New Domain Names - Part 4:
Redirects and Deindexing

In part 4 of this series of articles I look at redirecting and deindexing old domains.

Recap

In the previous article in this series, New Domain Names - Part 3: Googlebot and the Google Index, I modified the code of this site so it was more semantic and equally good for Web spiders and humans.

Since January Googlebot et al have been around and most of the content on this site is now indexed.

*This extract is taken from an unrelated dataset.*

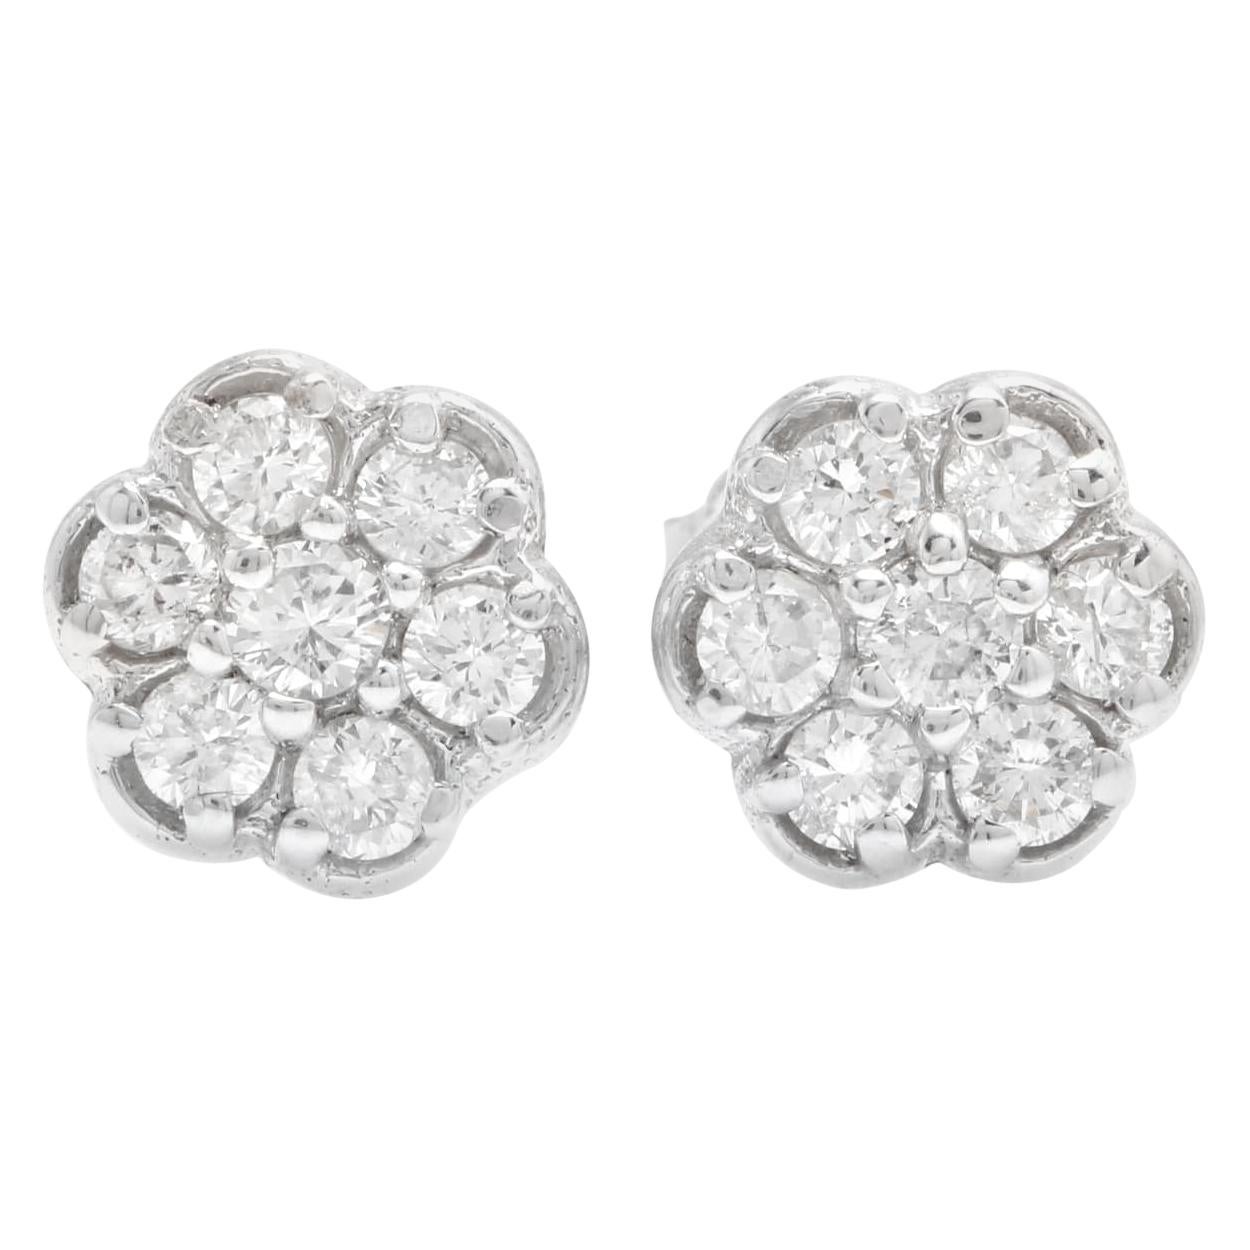 Exquisite 0.45 Carat Natural Diamond 14 Karat Solid White Gold Stud Earrings For Sale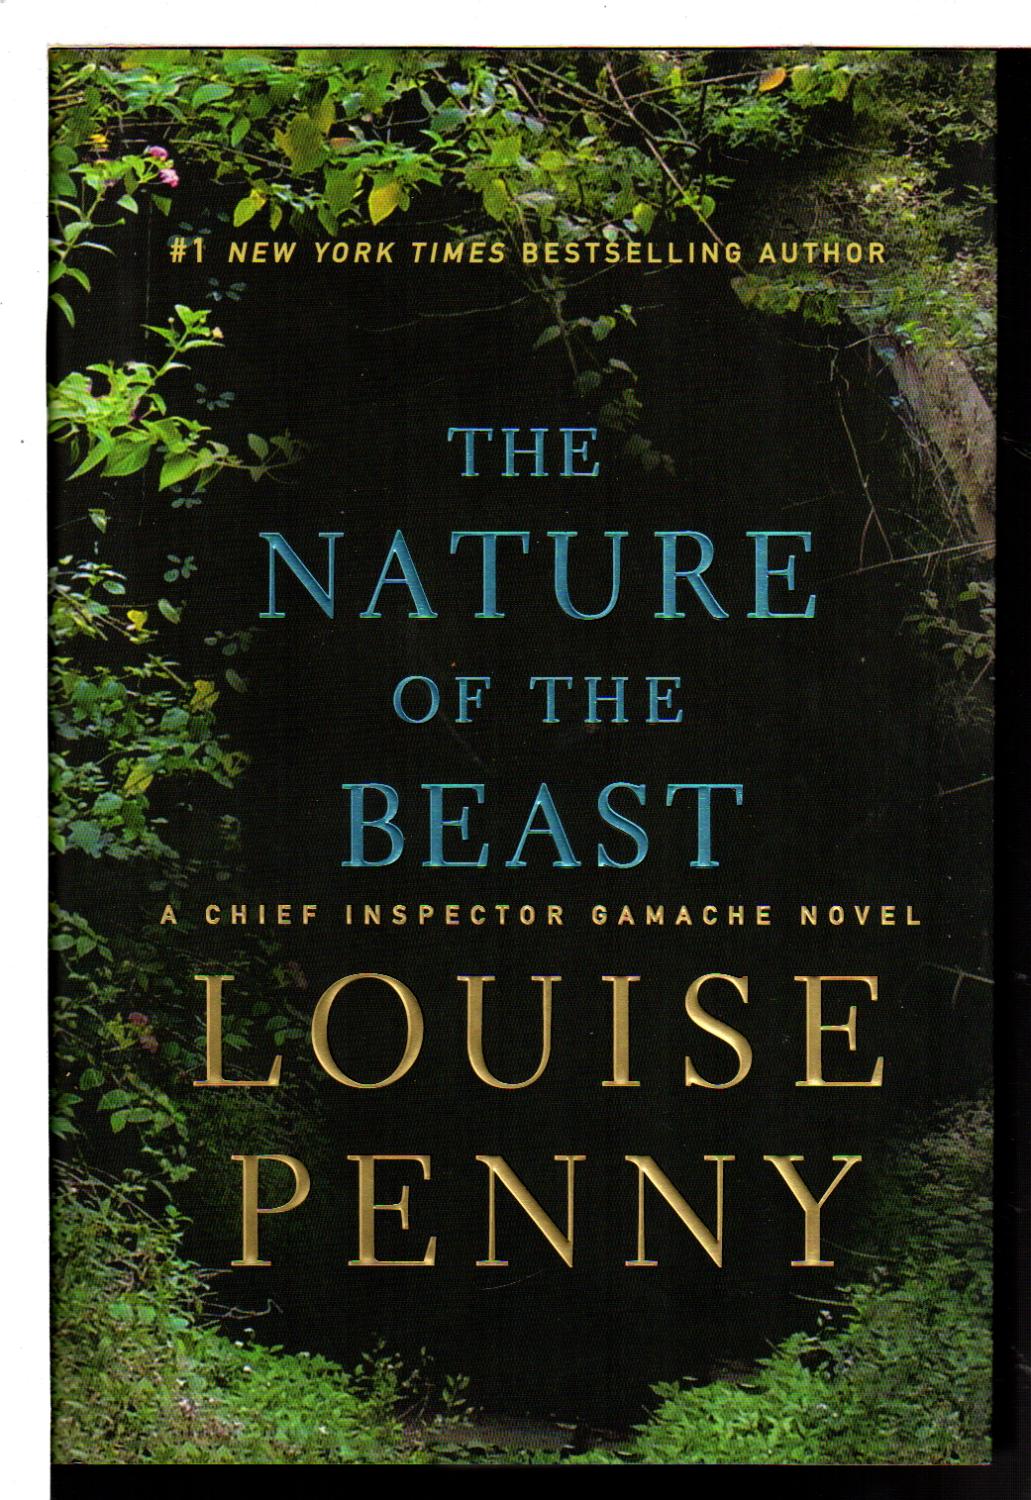 The Nature of the Beast: A Chief Inspector Gamache Novel [Book]

With less than 3 months to go until watfordjc.com expires, and less than 5 months until watfordjc.co.uk expires, I have reached the point where redirecting everything on the old domains is a priority.

Redirects

After resurrecting watfordjc.com and having a domain-wide redirect in place for many months, some pages have been indexed under https://watfordjc.com. As I have transferred content across to this site and added redirects the number of indexed links for https://watfordjc.com has gradually fallen, from a 12-month peak of 37 pages to the current 11 pages in Google's index.

With the final content transferred across, watfordjc.com was 301 redirected to watfordjc.co.uk, and almost every URL at watfordjc.co.uk returned either a 301 Moved Permanently redirect to the new URL at this site or a 410 Gone (content forever deleted) status error.

I then tried to use the Google Webmaster Tools site move feature, but because / at watfordjc.co.uk had a 307 redirect to /news.php the tool wouldn't let me get through all the steps. Eventually I worked out how to replace the redirect with an internal rewrite in nginx so a GET of / returned the same content as a GET of /news.php:

	location = / {
		rewrite "^/$" /news.php;
	}

Webmaster Tools finally accepted the site move, so now it should only be a matter of time before watfordjc.com disappears from Google's index.

robots.txt

It is probably worth mentioning at this point that some URLs could have a problem due to robots.txt.

robots.txt basically tells spiders such as Googlebot "You can't visit this page, but you may include it in your index".

Meta robots (X-Robots-Tag for headers) noindex, on the other hand, tells spiders "you can visit, but you can't include it in your index".

The problem? If an URL is included in robots.txt the meta tag/header will never be seen by the spiders because they will not visit the page. That can result in search engines including links to pages on your site that you'd rather weren't there, because you told the spiders they can't crawl your page rather than telling them they can't index your page.

After realising this error I have removed the pages I have 410'd from robots.txt (where applicable) so that Googlebot et al can request the URL and then see the page no longer exists.

While not an issue on watfordjc.com, watfordjc.co.uk has a lot of hidden similar results in Google because Googlebot indexed (without crawling) the print version of every page on the site. /print.php is not only no longer in robots.txt, but it is also 410'd (this site doesn't have print versions, it has print-only styles).

I'm going to give Googlebot a month and if anything is still listed for watfordjc.com I'll turn on a site-wide "noindex, nosnippet, noarchive" X-Robots-Tag header. If that doesn't work then 2 weeks before domain expiry I'll use Webmaster Tools to "temporarily" delete all pages and, with the exception of robots.txt, 410 the entire domain.

Deindexing

In theory there are several ways to remove URLs from Google's index.

Use URL removal in Webmaster Tools and remove "/" (entire site).
Return a 410 status code header.
Return a 404 status code header (Googlebot might come back just to double-/triple-check).
Return a 301 redirect (the old URL should, in theory, eventually be replaced by the new URL).
Remove the A/AAAA record(s) for the (sub)domain/hostname.
Use change of address in Webmaster Tools.

I've implemented 301 redirects and 410 gone status codes on watfordjc.com and used the change of address tool in Webmaster Tools.

After a bit of fluctuation there are currently 6 links in Google for the domain, with 10 total indexed in Webmaster Tools for the https:// domain and 1 (the home page) for the http:// domain.

As for the .co.uk domain, there are 34 links in Google (including similar results), with 3 total indexed for the http:// domain and 64 indexed for the https:// domain.

It is now a matter of waiting to see if the changes have the intended effect.